Vandals target Seattle synagogue


Vandals target Seattle synagogue

SEATTLE

Police say a Seattle synagogue in the Capitol Hill neighborhood was vandalized with anti-Semitic Holocaust-denying graffiti.

The Seattle Times reported that a police officer discovered the spray-painted message Friday morning on an exterior wall of Temple De Hirsch Sinai.

Rabbi Daniel Weiner said the message reads “The Holocaust is fake history.” The “s” characters in the graffiti are dollar signs.

Weiner said it “really is a toxic mix of Holocaust denial, the stereotypical charge that Jews are obsessed with money, and the notion coming from the [President Donald Trump] administration that all facts are fungible, fake facts, fake history.”

Police search for motorcyclists who beat Uber driver

SAN FRANCISCO

Police are searching for as many as 15 men on motorcycles and all-terrain vehicles who pummeled an Uber driver after surrounding his vehicle on a San Francisco freeway this week.

The San Francisco Chronicle reported Thursday that police want help from the public to identify suspects.

The attack occurred just after 6 p.m. Wednesday on Highway 101 when the Uber driver’s white Toyota stopped on the highway for unknown reasons and the group of men surrounded it.

Official: Russian ambassador died from heart attack

NEW YORK

Russia’s ambassador to the United Nations, who collapsed in his office last month, died from a heart attack, and no foul play is suspected, according to a senior city official briefed by the medical examiner’s office.

The official was not authorized to reveal the cause of death for Ambassador Vitaly Churkin and spoke to The Associated Press on the condition of anonymity Friday after the medical examiner’s office, citing diplomatic protocol, said it was instructed not to publicly release the cause of death.

Orlando judge revokes bond for wife of shooter

ORLANDO, Fla.

A federal judge in Orlando on Friday revoked bond for the wife of the gunman responsible for the Pulse nightclub massacre, the worst mass shooting in modern U.S. history.

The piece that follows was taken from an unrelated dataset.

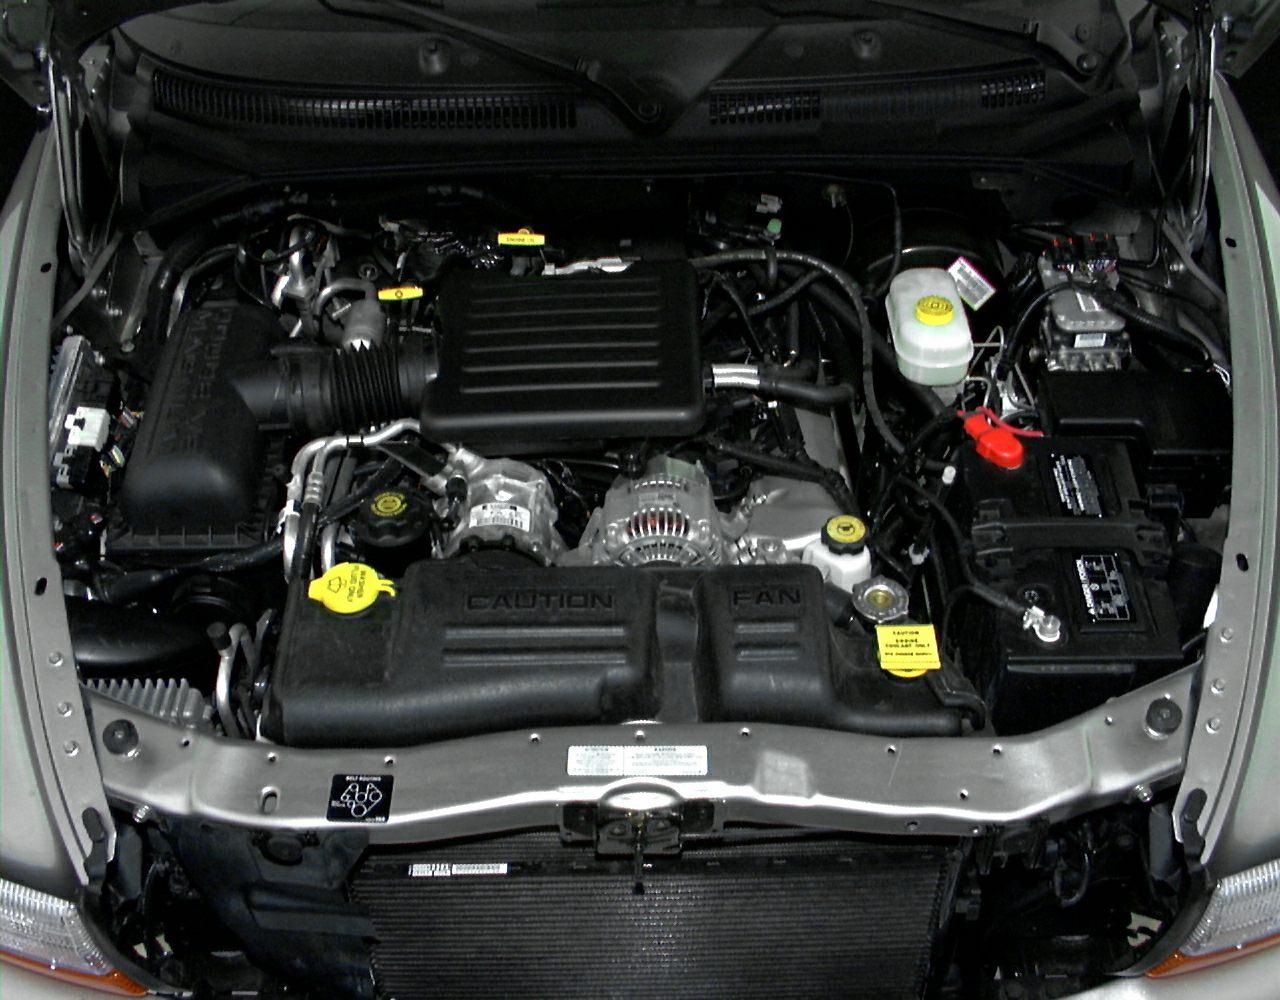 2000 Dodge Durango Exterior Photo
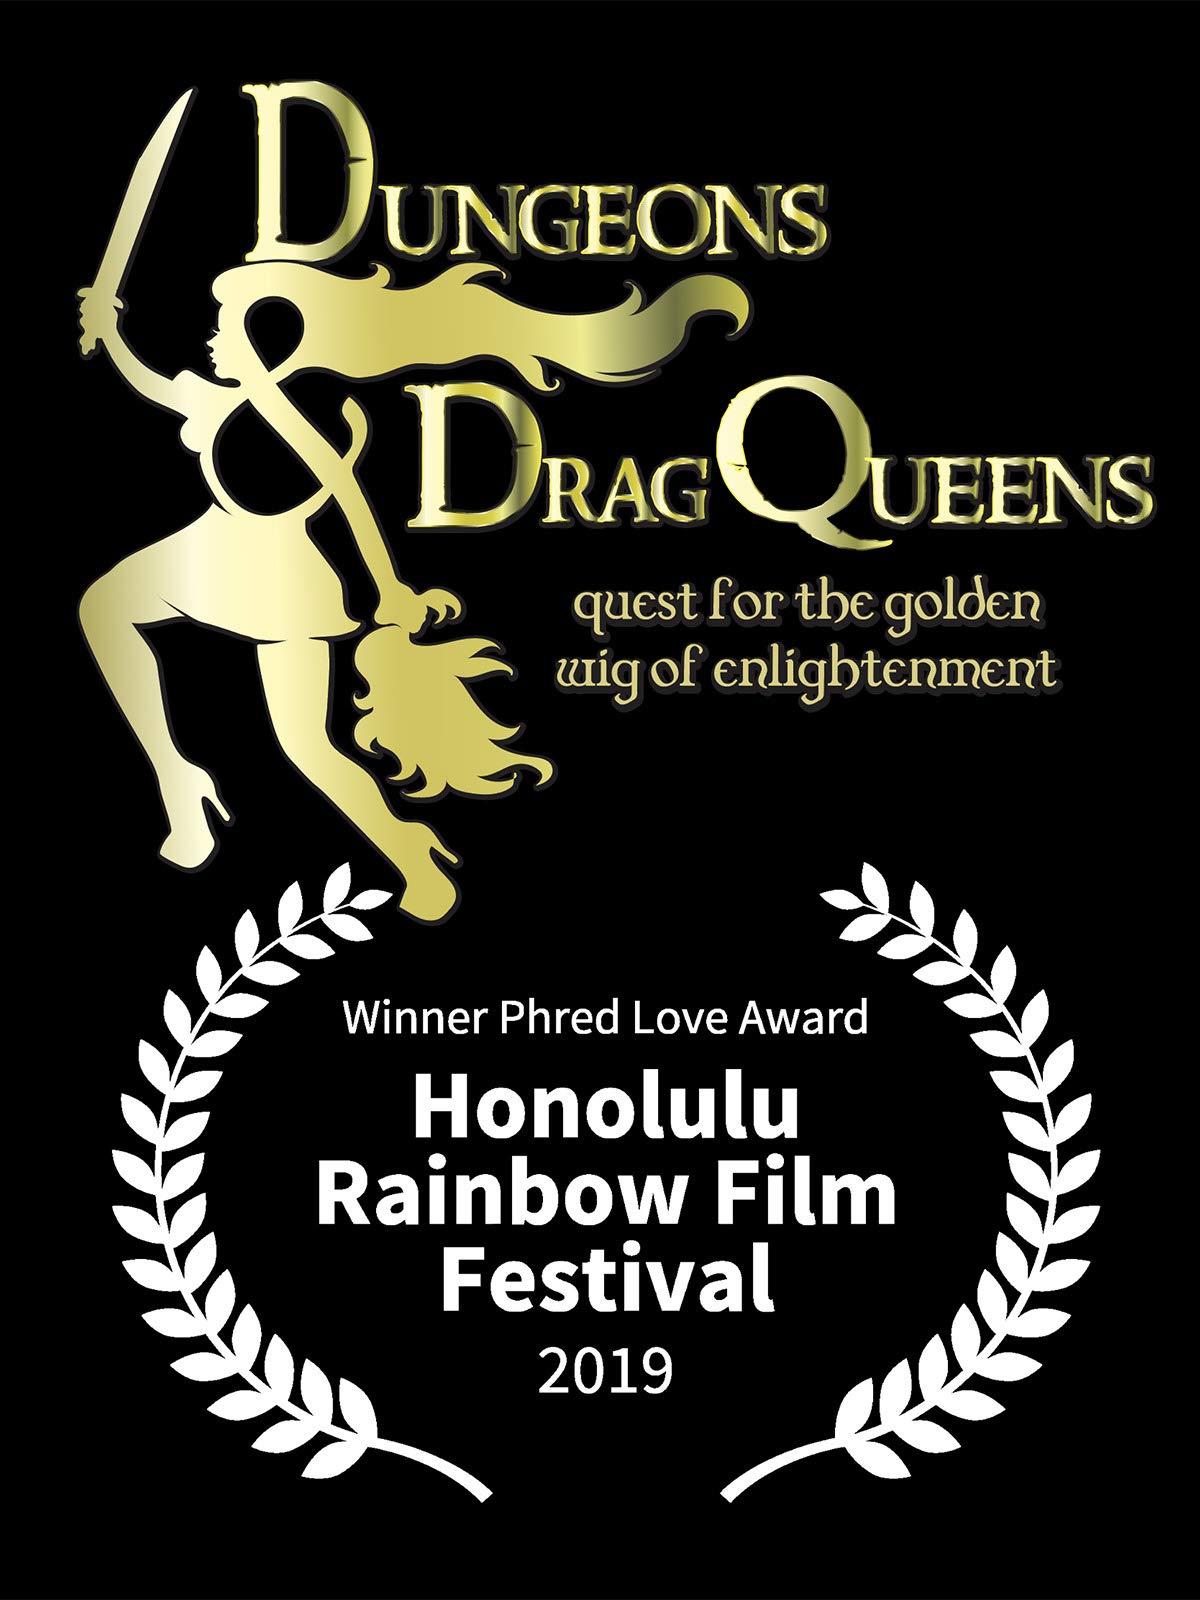 Dungeons & Drag Queens: Quest for the Golden Wig of Enlightenment

U.S. District Judge Paul Byron reversed the decision of a magistrate judge in Oakland, Calif., last week to release Noor Salman on $500,000 bond and ordered her jailed pending trial on charges of aiding and abetting and obstruction. Acting upon a request from prosecutors, Byron said Salman hadn’t overcome a legal presumption that she was a flight risk or a danger to the community.

Archaeologists discover massive statue in Cairo slum

CAIRO

Archaeologists in Egypt discovered a massive statue in a Cairo slum that may be of Ramses II, one of the country’s most famous and longest-ruling ancient pharaohs.

The colossus, a large portion of whose head was pulled from mud and groundwater by a bulldozer and seen by The Associated Press on Friday, is about 26 feet high and was discovered by a German-Egyptian archaeological team.

“We used the bulldozer to lift it out. We took some precautions, although somewhat primitive, but the part that we retrieved was not harmed,” said Khaled Mohamed Abuelela, manager of antiquities at Ain Shams University.